Fall weather has taken hold. The days are sunny and warm while the nights are chilly, even cold. I put on a sweatshirt when I woke up this morning. The house was 67˚. If this were winter, my heat would be blasting. I have errands today, and I’m glad because it is a lovely day to be out and about.

When I was young, the nun would pass out papers with outlines of leaves for us to color. In those days the points of the crayons got blunt which make staying in the lines difficult. You had to attack the leaf with the side of the crayon, not where the point used to be. My leaves were red and yellow. I think everyone’s leaves were red and yellow. I remember carrying my treasure home and how proud I was of my art work. I especially remember how much my mother loved those leaves. She made me feel like a real artist and never did mention I went out of the lines.

Crayola crayons were the best of all. I’d get a box to go back to school and a bigger box, the wonderful 48 brilliant colors with the built in sharpener, in my Christmas stocking. When I was really young, I just called the colors red, blue or green. To differentiate, I’d just say light blue or dark red. I didn’t know names like cerulean or turquoise blue. Raw sienna totally threw me. There were so many reds you couldn’t keep track. Light red, dark red and just plain red weren’t enough. There was brick red and Indian red and maroon, my dark red’s real name.
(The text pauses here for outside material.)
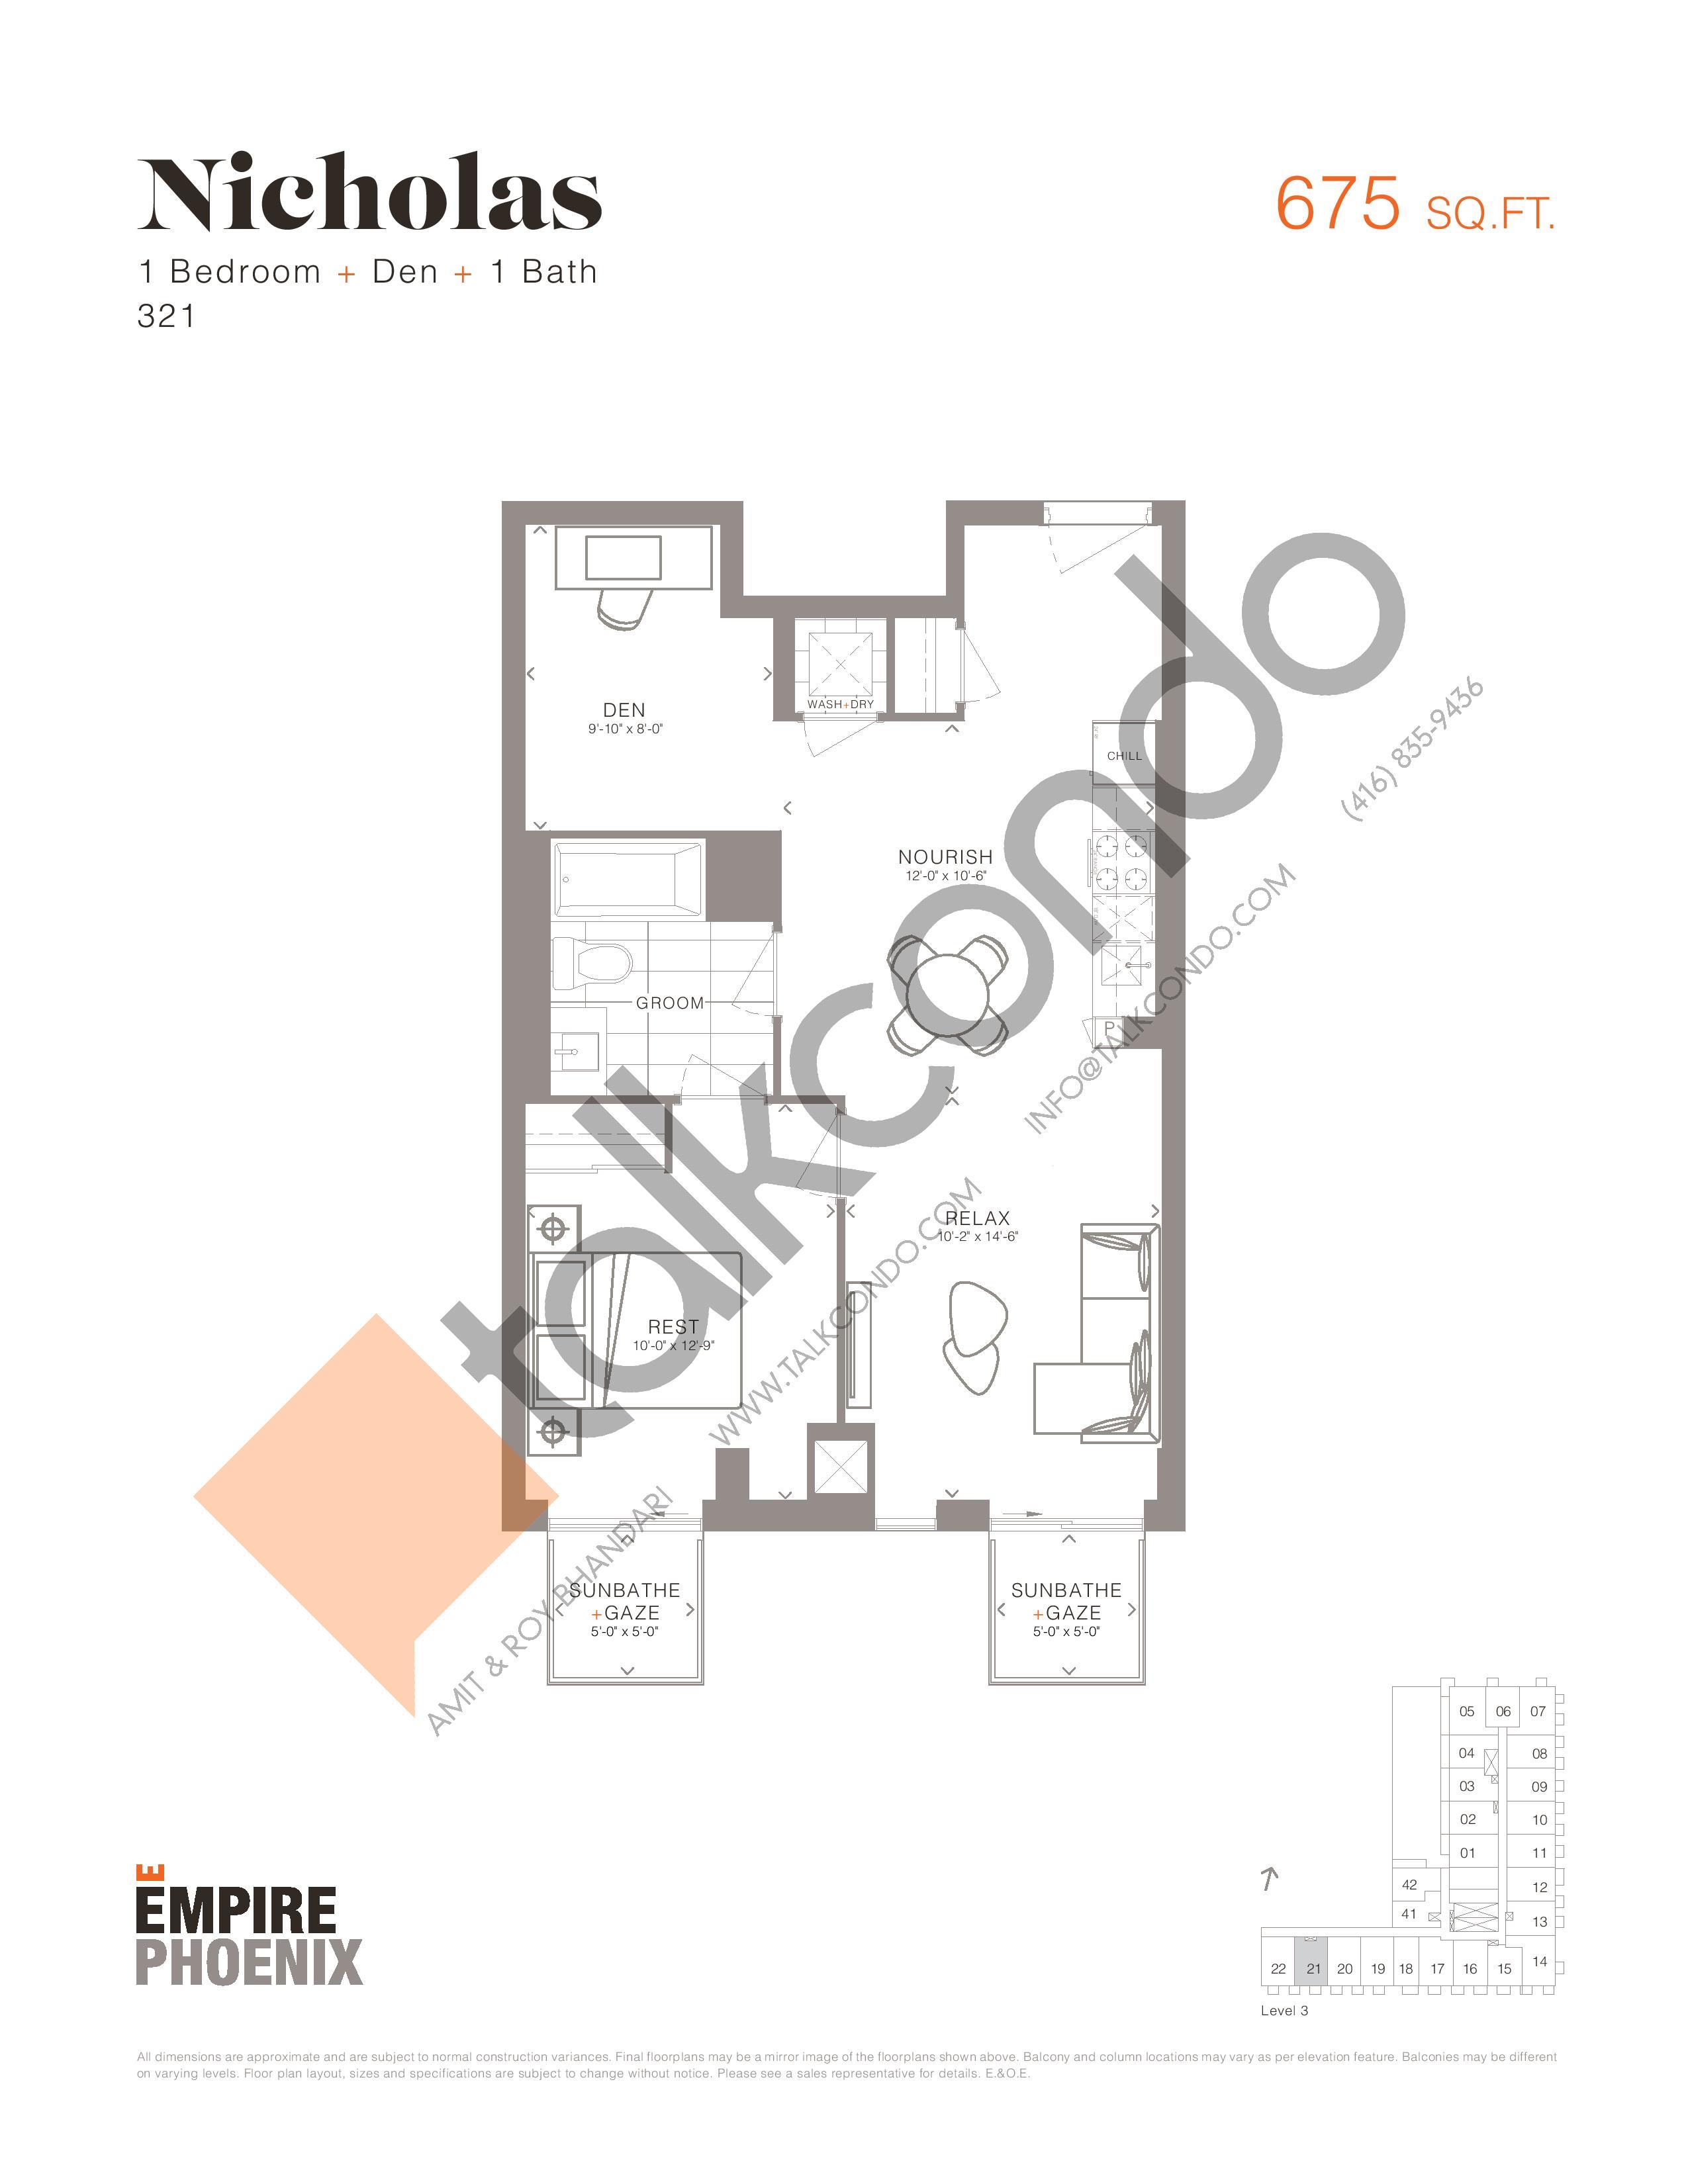 Nicholas Floor Plan at Empire Phoenix Condos - 675 sq.ft

I had a certain artistic style. The yellow sun always had rays coming out from the whole circle. Girls had turned up hair and boys just had a little on the top. Their hair was always brown. I’d put a skirt on the girls which looked liked a funnel. The boys just had stick legs. I don’t know why I didn’t add pants. My flowers were petals of different colors and each had a long green stem coming from the green grass. The trees had bare branches and were almost stick figures.

I never did get good at drawing. I suspect that if I were given a 64 pack of crayons, I’d start with a bright yellow sun with rays extending from the whole circle. It wouldn’t be lemon yellow or green yellow or orange yellow. Nope, mine would just be plain old yellow.
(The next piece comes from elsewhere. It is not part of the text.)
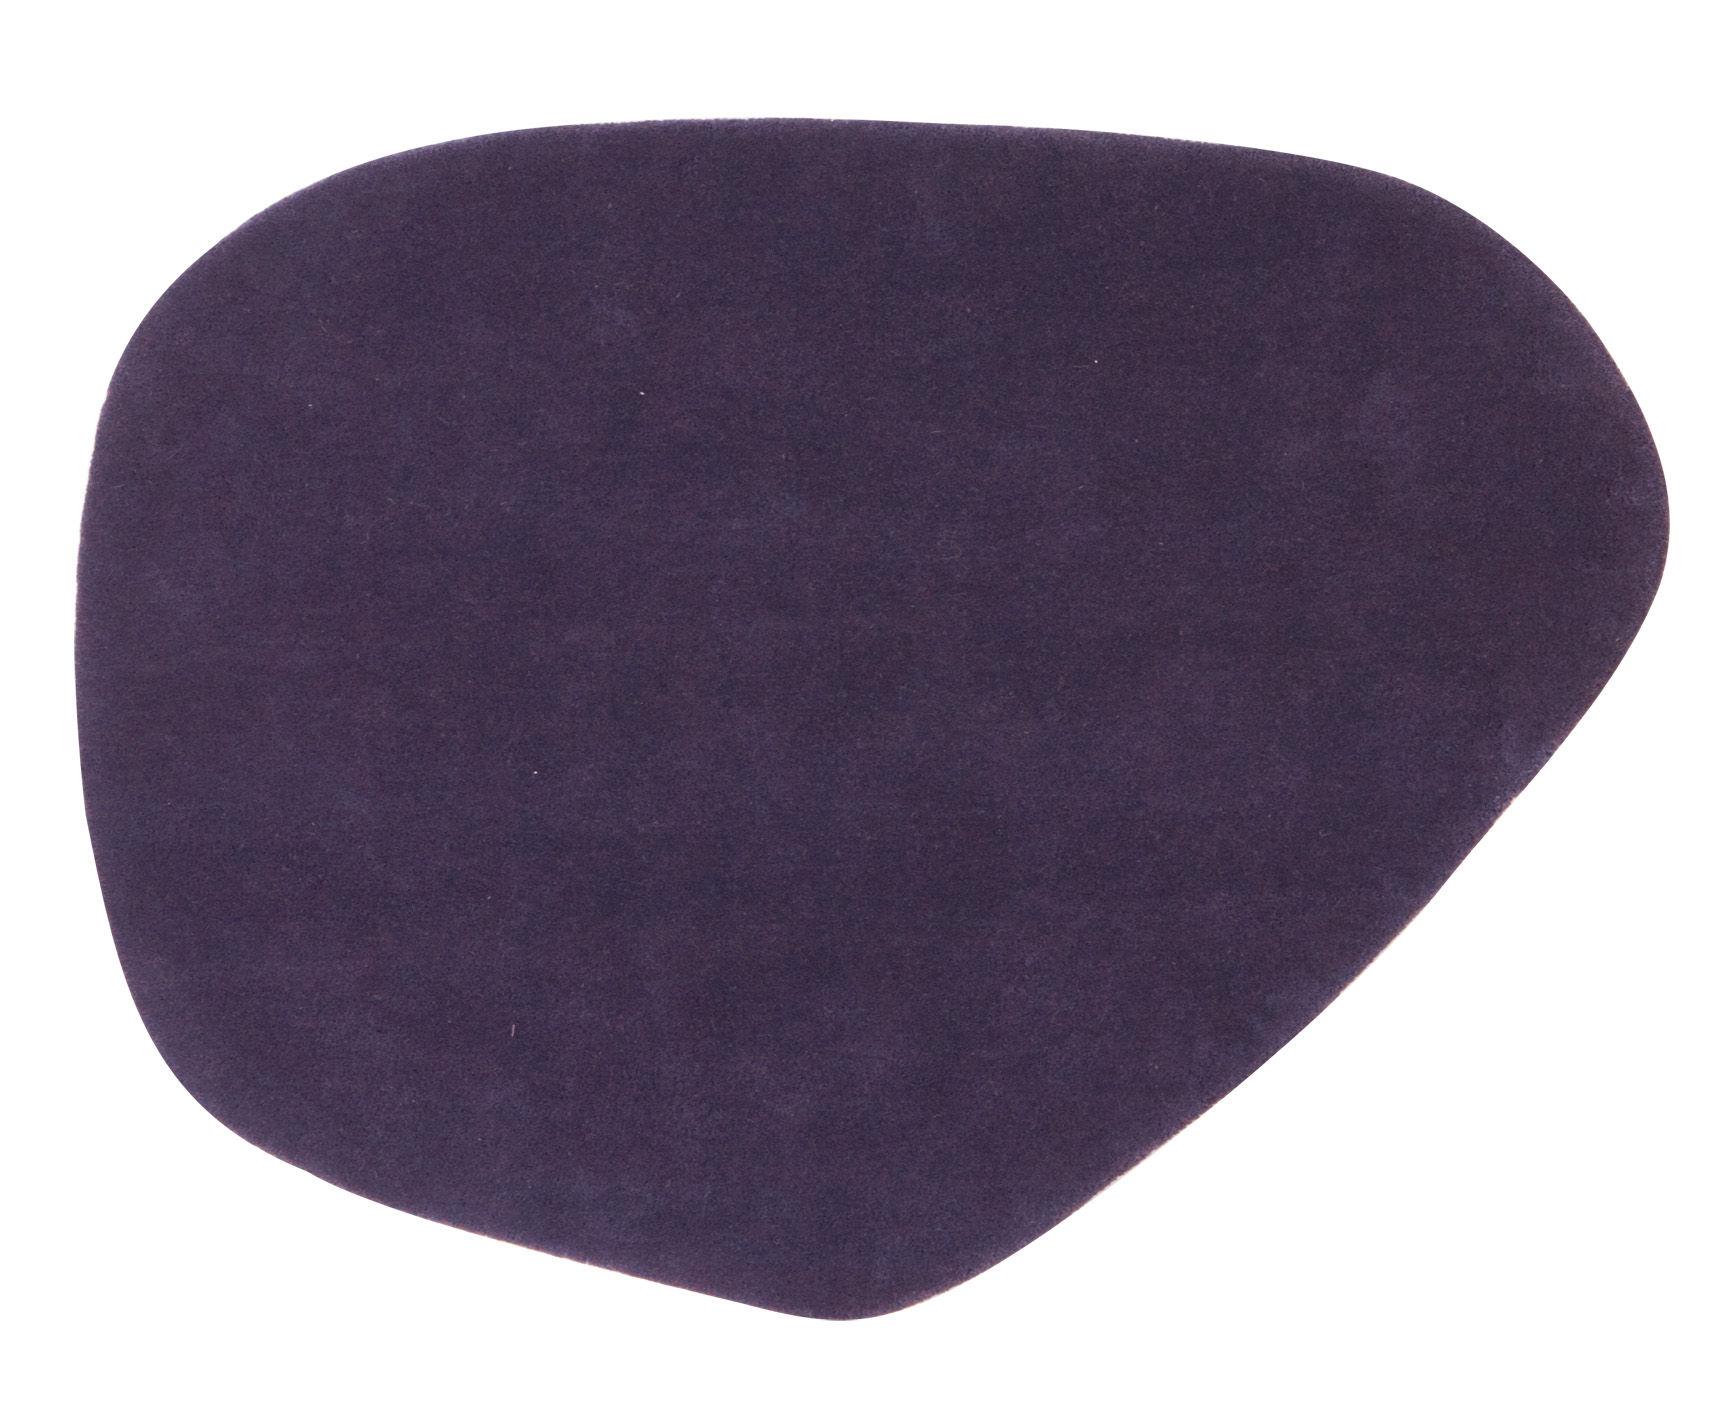 Arredamento - Tappeti  - Tappeto Calder - 90 x 120 cm di Nanimarquina - 90 x 120 cm / Viola - Lana

“I did NOT have three thousand pairs of shoes, I had one thousand and sixty.”

October 17, 2014

We are still in that warm cycle of weather. I have my front door and a couple of windows opened. It rained all Tuesday night and most of yesterday. Lots of leaves fell in the wind so the lawns and sides of the streets are multi-colored. Today is sunny and a bit breezy. The streets are drying.

Getting a new pair of shoes was a big deal. Usually I’d get two new pairs a year: one for back to school and one for Easter. My school shoes were always sturdy and practical while my Easter shoes were dressy, sometimes patent leather. After Easter, they’d morph into church and special occasion shoes. I never wore my school shoes anywhere but to school because they were expected to last the whole year. In late August my mother would herd us all to the shoe store. Until it was my turn, I’d wander the store looking at the shoes on the racks. If I found a pair I liked, I’d bring one shoe to my mother who would decide whether or not I could try that pair on. Back then, most of the shoes were tie shoes and sturdy didn’t usually mean fashionable, but I was young enough not to care about fashion. My mother stretched her budget and bought expensive shoes for us because they were more likely to last. I remember Buster Brown and his dog Tige and the picture of them on the inside heel of the shoe. I never did question the long hair and the funny cap. That was just Buster Brown.
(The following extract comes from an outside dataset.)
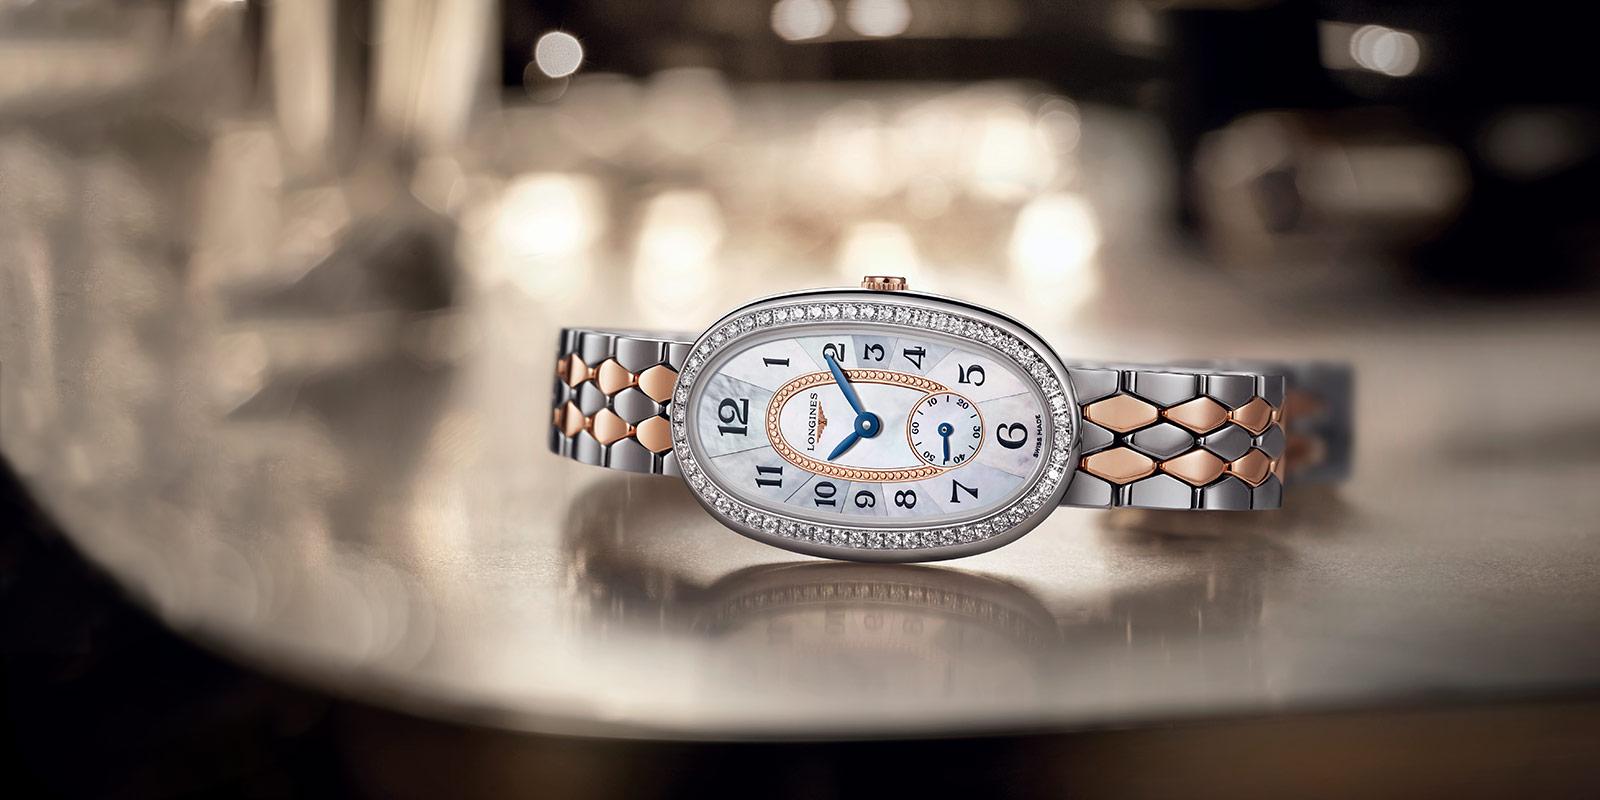 đồng hồ Longines Symphonette phiên bản 2017

I loved looking at my feet in the x-ray machine and having the shoe salesman measure them with that silver slide. He’d sit on the odd-looking stool which was close to the floor and close to feet. It had a front part where you put your foot to be measured and where the man would put the shoes on your feet when it came to trying on the new pair.

I walked up and down the length of the store to decide if the shoes felt good on my feet. I’d also stop at the foot mirror to see how they looked. If they passed both tests, my mother would buy them for me. I was thrilled to carry my new shoes home. They made me feel proud somehow.